I have to kill all jedi now. I'm on level 66 

Yeah, lame joke, I know.

Reactions: Funny 5


----------



## Adephi (30/5/21)

Timwis said:


> The reason being in all fairness most of the other countries actually take it seriously and enter the best song that has come out of that country that year while no artist that wants to have any credibility out the UK would ever enter, we watch it as a comedy show and the weird thing is even though ours is usually the worst song it actually makes us appreciate how great we are at producing musical talent because lets face it nearly every song in the Eurovision is a pile of sh*t! We have never usually even heard of our artist before and for obvious reasons are not heard of again afterwards, who the hell was he?



Not all is bad. These guys are legends!


----------



## Paul33 (30/5/21)

zadiac said:


> I have to kill all jedi now. I'm on level 66
> 
> Yeah, lame joke, I know.

Reactions: Funny 5


----------



## Stranger (23/6/21)

Yo Yo here comes verse 2
Yeah that's right I am rapping at you

The mods said, you been naughty, so we are skipping level 40
we gonna up ya to ....... level 41
so behave yourself or we'll take away your fun 
So keep on posting that crappy humour
we heard you were old but that's just a rumour
you know your mechs but you are just a consumer

So I said to them, hey I don't do the stinkie
I came here and learned about electrickery
watts and volts and ohms and stuff
about battery safety, you can never know enough

So rap with me come on ek se
Come on over to ECIGSSA

(drops the mike, walks off stage, grabs a beer in one hand and a buttock in the other)

Reactions: Like 2 | Winner 1 | Funny 6


----------



## DavyH (23/6/21)

Stranger said:


> Yo Yo here comes verse 2
> Yeah that's right I am rapping at you
> 
> The mods said, you been naughty, so we are skipping level 40
> ...



Yeah, yeah. And next comes Level 42 and you’ll be doing some 80s jazz funk stuff.

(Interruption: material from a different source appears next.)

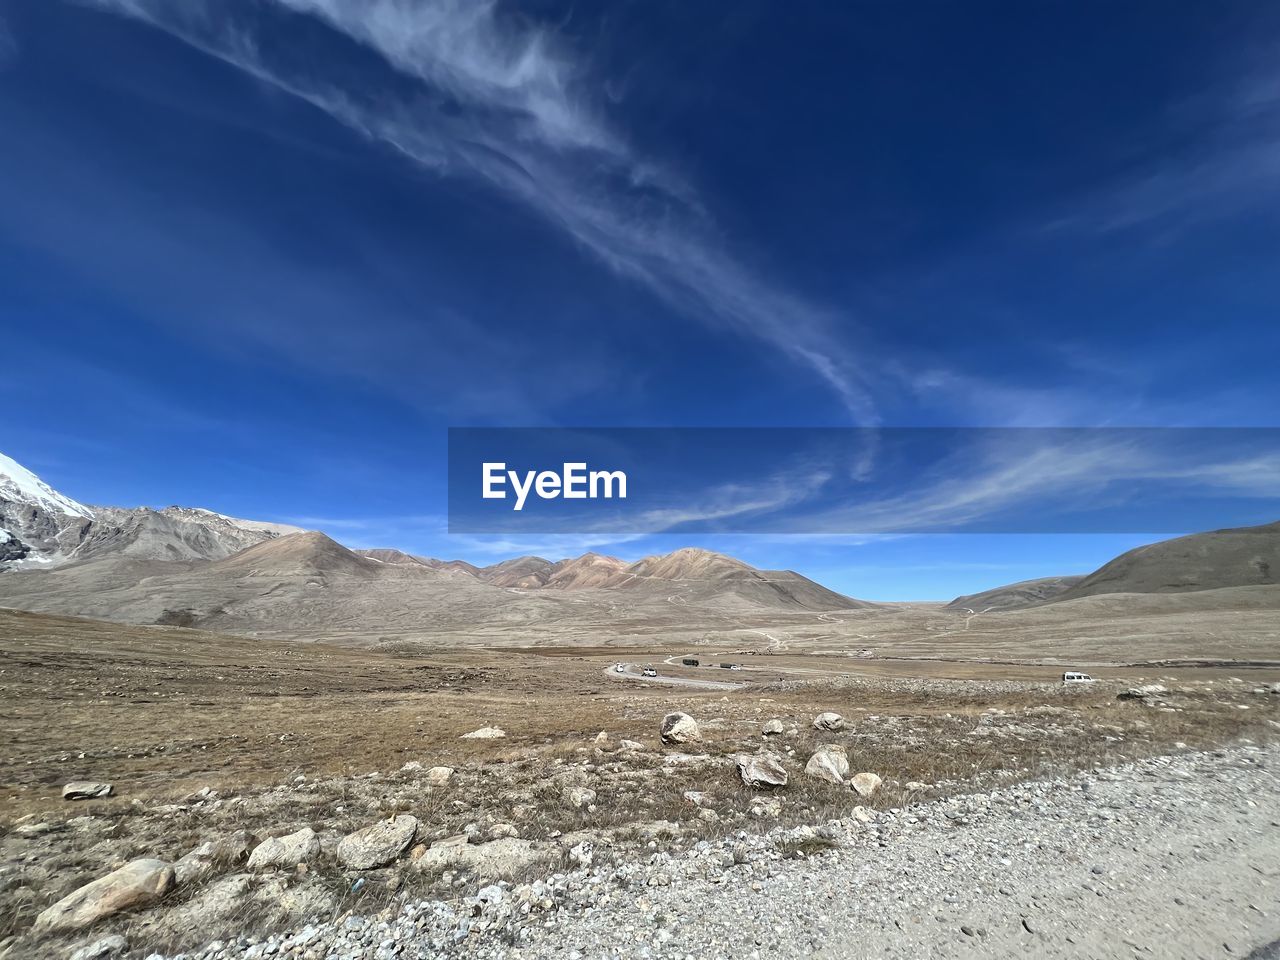 SCENIC VIEW OF DESERT AGAINST SKY

Reactions: Like 1 | Funny 4


----------



## GSM500 (23/6/21)

Timwis said:


> The reason being in all fairness most of the other countries actually take it seriously and enter the best song that has come out of that country that year while no artist that wants to have any credibility out the UK would ever enter, we watch it as a comedy show and the weird thing is even though ours is usually the worst song it actually makes us appreciate how great we are at producing musical talent because lets face it nearly every song in the Eurovision is a pile of sh*t! We have never usually even heard of our artist before and for obvious reasons are not heard of again afterwards, who the hell was he?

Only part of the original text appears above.